Consider an imaginary circular disc, of radius R, whose arbitrary orientation is described by the unit vector, $$\vec {n}$$, perpendicular to the plane of the disc. Define the component, in the direction $$\vec {n}$$, of the angular velocity, $$\vec {\Omega}$$, at a point in the fluid by $$\vec {\Omega}. \vec {n} = \lim_{R \rightarrow 0}[\frac {1}{2 \pi R^2} \oint_C \vec {u}.dl]$$, where C denotes the the boundary (rim) of the disc. Use Stokes' theorem, and the arbitrariness of $$\vec {n}$$, to show that $$\vec {\Omega}= \frac {1}{2} \vec {\omega}$$, where $$\vec {\omega} = \nabla * \vec {u}$$ is the vorticity of the fluid at R=0. [This definition is based on a description applicable to the rotation of solid bodies.
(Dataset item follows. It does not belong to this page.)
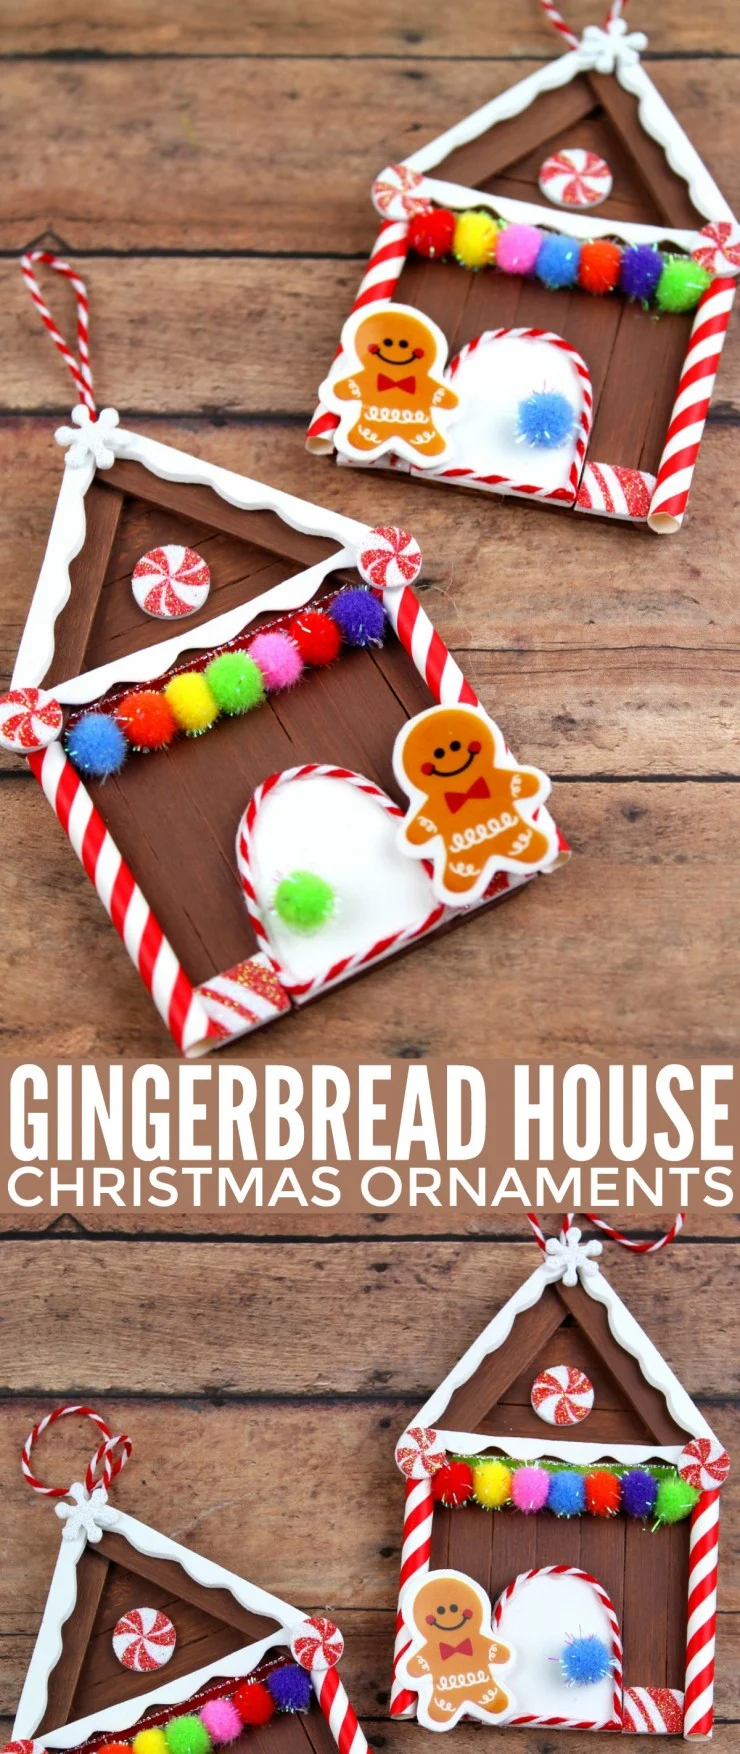 These Popsicle Stick Gingerbread House Christmas Ornaments are an adorable and festive holiday craft that make for great keepsake gifts that look great on a Christmas tree. We had so much fun making these Christmas ornaments!

Confirm this by considering $$\vec {u} = \vec {U} + \vec {\Omega}* \vec{r}$$, where $$\vec {U}$$ is the translational velocity of the body, $$\vec {\Omega}$$ is its angular velocity and $$\vec {r}$$ is the position vector of a point relative to a point on the axis of rotation.]

Homework Equations

Stokes' theorem : $$\oint_c u.dl = \iint_S (\nabla * u) .n ds$$

The Attempt at a Solution

Either 1.:
C is boundary of $$x^2 + y^2 = R^2$$. Parametrically x= Rcost, y = Rsint
dx = -Rsintdt, dy = Rcostdt
L.H.S. of Stokes becomes $$\oint_c udx + vdy + wdz$$
= $$\oint_C -uRSintdt + vRCostdt$$
=$$\int_{0}^{2 \pi} -uRSint dt + vRCost dt$$
=$$uRCost + vRSint \right]_{0}^{2 \pi}$$
= -uR - uR
=-2uR
multiply term outside integral
=$$-\frac{u}{\pi R}$$

Or 2:
$$\frac {1}{2} (\nabla * \vec {u}). \vec {n} = \lim_{R \rightarrow 0}[\frac {1}{2 \pi R^2} \iint_S (\nabla * u) .n ds ]$$, ...

 

[Coto]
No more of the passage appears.